Early in the book Bourdain describes the life lived by restaurant kitchen workers as a subculture. From his anecdotes, which my husband swears aren’t exaggerations (he cooked for two years while I attended library school), that sounds spot on. This is not a ponderous or philosophical book, though Bourdain does share interesting insights and opinions. The prose is raw, in-your-face, and eloquently crude. As Bourdain reads his own words one imagines this is just the way he speaks in real life, when not restrained by television censors. If profanity bothers you, this is not the book for you!
By the end of the book any illusions the reader might have had that cooking for a living is glamorous will have been completely shattered. Bourdain paints a picture of a physically and psychically hard life, where drug addiction and dysfunction reign. Kitchen crews are described at various times as pirate crews and mercenaries. It wouldn’t be the life for me, but I enjoyed reading about it!
Bourdain, Anthony. Kitchen Confidential: Adventures in the Culinary Underbelly. Penguin Random House Audio Publishing Group, 2001. Internet resource. (Listen to sample)

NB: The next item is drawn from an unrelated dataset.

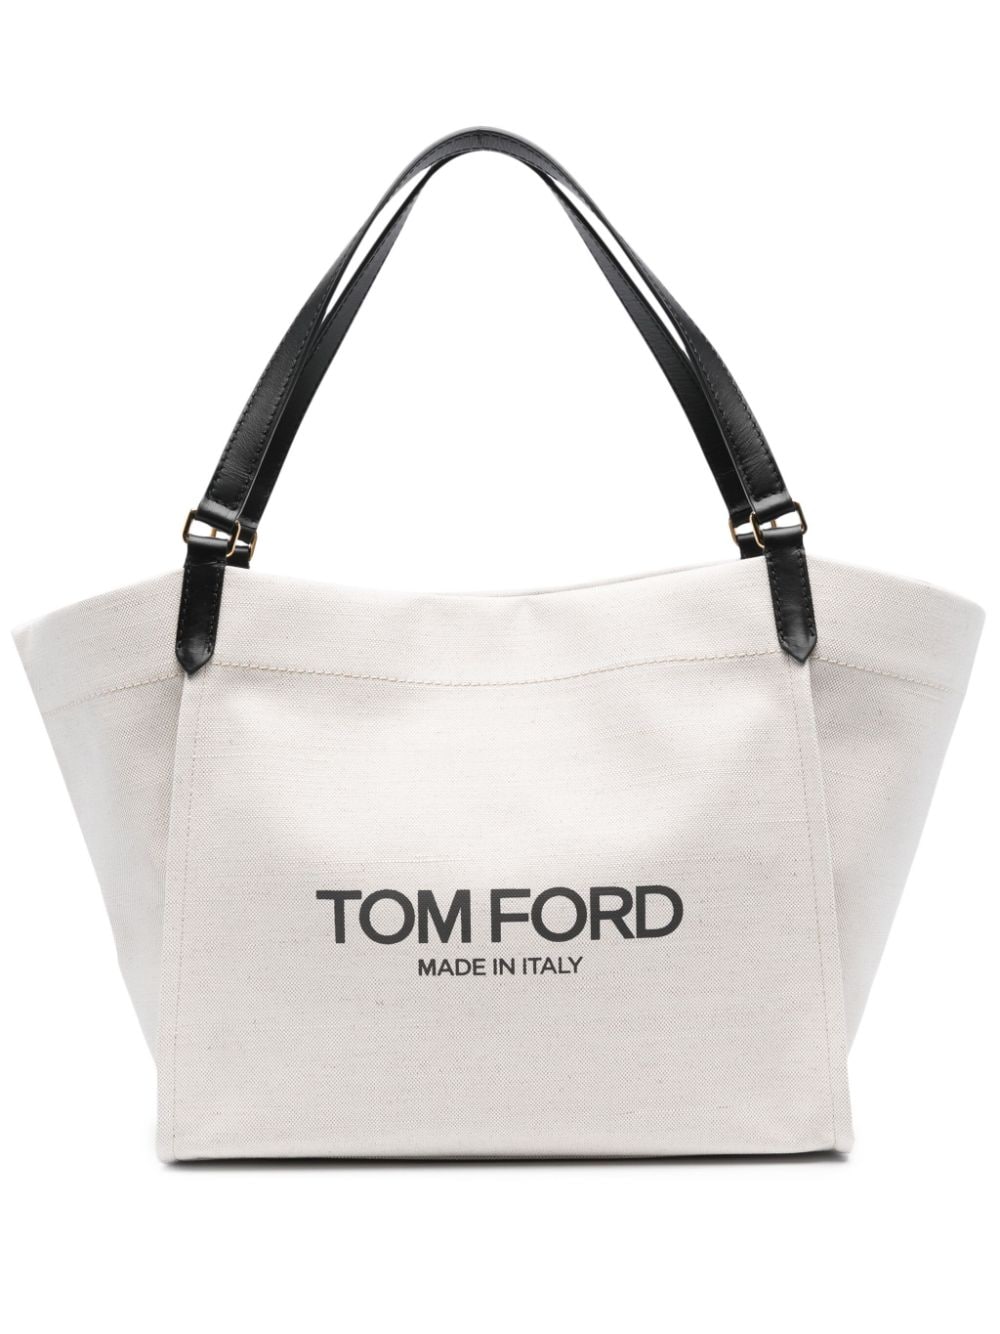 Tom Ford Amalfi Tote Bag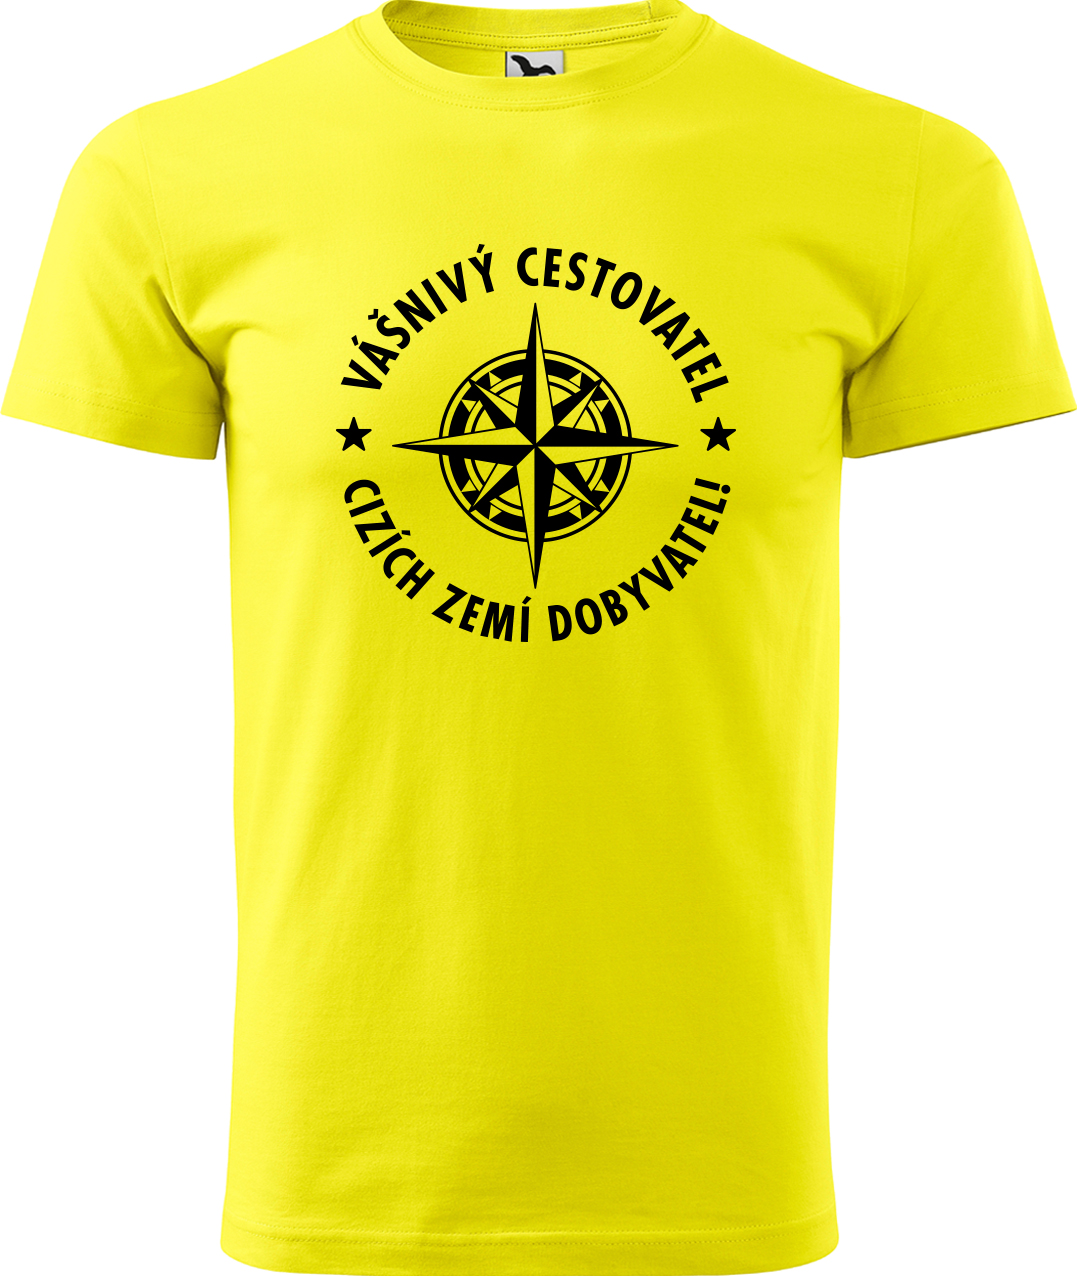 Pánské cestovatelské tričko - Vášnivý cestovatel, cizích zemí dobyvatel Velikost: L, Barva: Žlutá (04), Střih: pánský

Friday Reads: Nemesis by Jo Nesbo
Along with millions of others, I am a fan of Stieg Larsson’s “Millenium” trilogy of crime novels. Seriously, is there a more compelling character than Lisbeth Salander? Those were the first novels I’d read by a Scandinavian author. Having enjoyed Larsson’s series I was curious to learn more about Jo Nesbo, a popular Norwegian author who writes crime fiction – a lot of crime fiction. Harry Hole is the main character in a series of, so far, ten crime novels written by Nesbo. Hole is described as a “classic loose cannon” in the Oslo (Norway) police force. He’s flawed, but, of course, brilliant.
Thus far I’ve read Nesbo’s Nemesis (#4) and The Devil’s Star (#5). Had I known more about the series I would have started with the first book. Even so, the books need not be read in sequence. There’s sufficient detail to fill in the pieces.
Nesbo is a prolific writer. His books have universal appeal (at least for the crime fiction crowd). His books have been translated into over 40 languages and have sold over 23 million copies.
In addition to Nesbo’s Harry Hole novels, he’s written books in series based on other characters (Doctor Proctor, for one). He’s written stand-alone works (Headhunter is another I read recently) and children’s books. He even finds time to be the lead singer for a band performing a hundred or so gigs a year.
Those who enjoy crime fiction, as I do, will find it worthwhile to give Nesbo’s books a try.
Friday Reads: The Curse of Chalion, by Lois McMaster Bujold
In The Curse of Chalion Lois McMaster Bujold, creates a fantasy world based on Reconquista Spain, a world shot through with divinity and magic. The hero, Cazaril, returning home from the wars betrayed by his superiors and broken in body and spirit, finds a new job as tutor-secretary to the royal heiress, and finds something new to believe in and care about as he attempts to guide her through political intrigue and family tragedy.
The world building in the book is well thought out and incredibly detailed. The magic in this world flows from the gods, and is often indistinguishable from miracles. The characters, even minor ones, are well fleshed out; even the villains have understandable motives and emotions. The main plot takes a little time to get rolling, but plenty is happening to keep the story moving along briskly, and the writing is compulsively readable.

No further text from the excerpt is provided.